I'll start from scratch, since the original post has some math typos like wrong signs, dropping the $V$ matrix, etc.
You've specified prior $p(\beta)=\mathcal{N}( 0, \sigma^2 V )$ and likelihood: $p(y | \beta ) = \mathcal{N}( B\beta, \sigma^2I )$.
We can write each of these purely as expressions of terms inside the $\exp$ that depend on $\beta$, grouping all terms unrelated to $\beta$ into a single constant:
$\log p( \beta ) + \mbox{const} = -\frac{1}{2\sigma^2} \beta^T V^{-1} \beta$
$\log p( y | \beta ) + \mbox{const} = -\frac{1}{2\sigma^2}( \beta^T B^TB \beta - 2y^T B \beta ) \quad$ (note that $y^TB\beta = \beta^T B^T y$ always)
Added these in log space and collecting like terms yields the unnormalized log posterior
$\log p( \beta | y ) + \mbox{const} = -\frac{1}{2\sigma^2}( \beta^T(V^{-1} + B^TB)\beta - 2y^T B \beta )\quad$ (1)
... here, we've used the standard identity $x^TAx + x^TCx = x^T(A+C)x$ for any vectors $x$ and matrices $A,C$ of appropriate size.
OK, our goal is now to "complete" the square. We'd like an expression of the form below, which would indicate that the posterior for $\beta$ is Gaussian.
$\log p( \beta | y ) + \mbox{const} = (\beta - \mu_p)^T \Lambda_p (\beta - \mu_p )

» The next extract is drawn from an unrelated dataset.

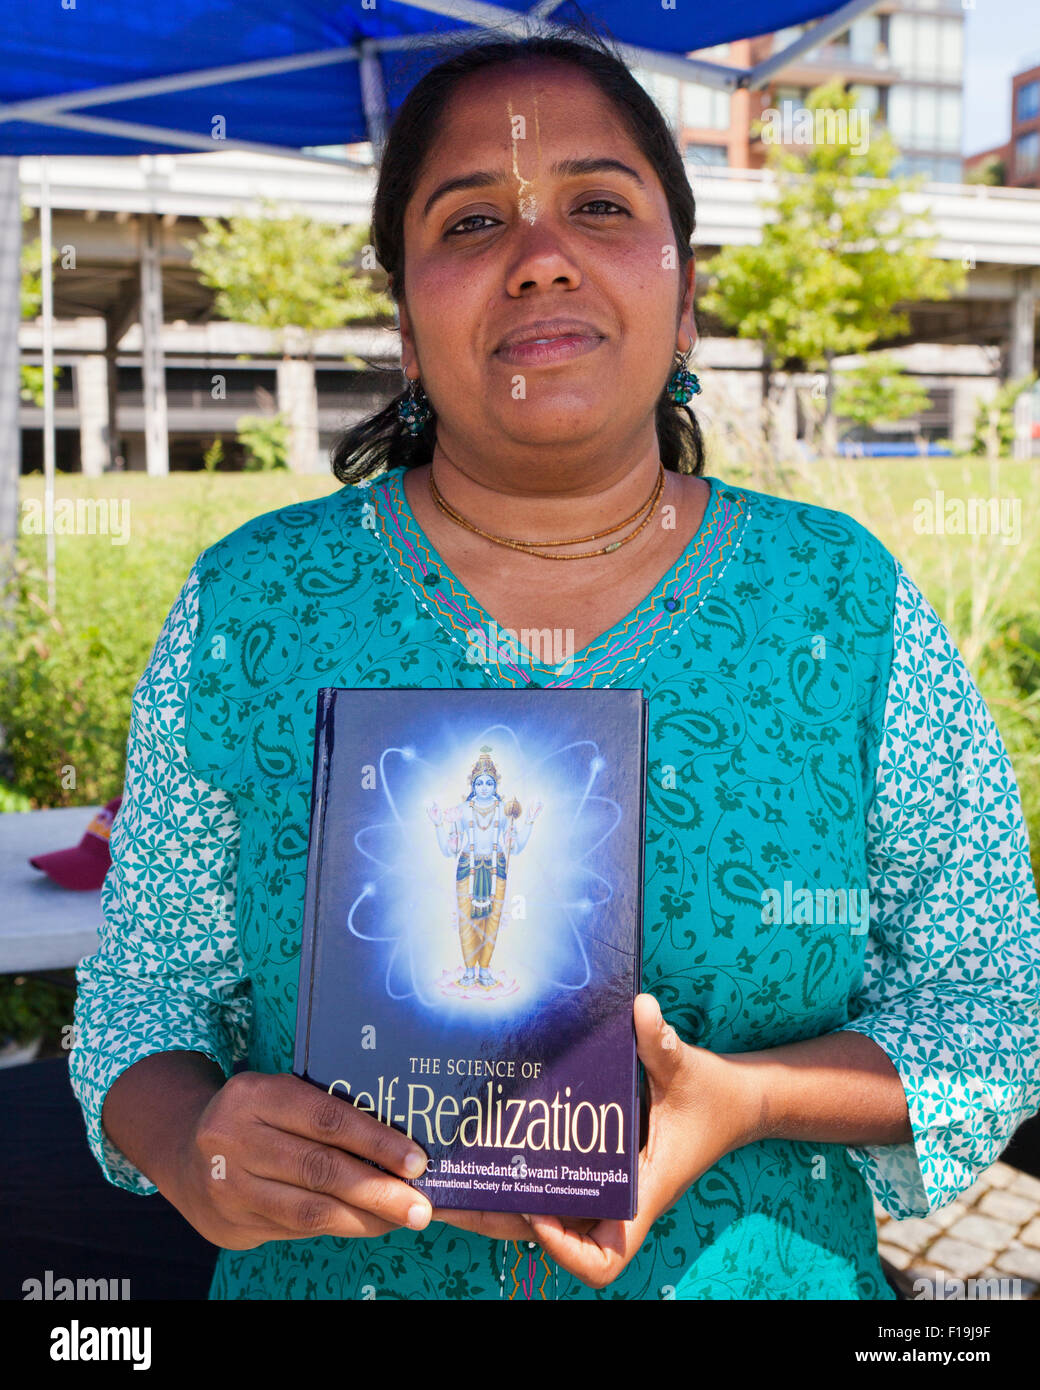 Hare Krishna woman holding Self-Realization livre - USA Banque D'Images

= \beta^T \Lambda_p \beta -2\mu_p^T \Lambda_p \beta + \mu_p^T \Lambda_p \mu_p$
where parameters $\mu_p, \Lambda_p$ define the posterior mean and inverse covariance matrix respectively.
Well, by inspection eqn. (1) looks a lot like this form if we set
$\Lambda_p = V^{-1} + B^TB \quad$ and
$\quad \mu_p = \Lambda_p^{-1}B^Ty$
In detail, we can show that this substitution creates each necessary term from (1):
quadratic term: $\beta^T \Lambda_p \beta = \beta^T( V^{-1} + B^TB)\beta$
linear term: $\mu_p^T \Lambda_p \beta = ( \Lambda_p^{-1}B^Ty )^T \Lambda_p \beta = y^T B \Lambda_p^{-1} \Lambda_p \beta = y^T B \beta$
.... here we used facts $(AB)^T = B^T A^T$ and $(\Lambda_p^{-1})^T =\Lambda_p^{-1}$ due to symmetry ($\Lambda_p$ is symmetric, then so is its inverse).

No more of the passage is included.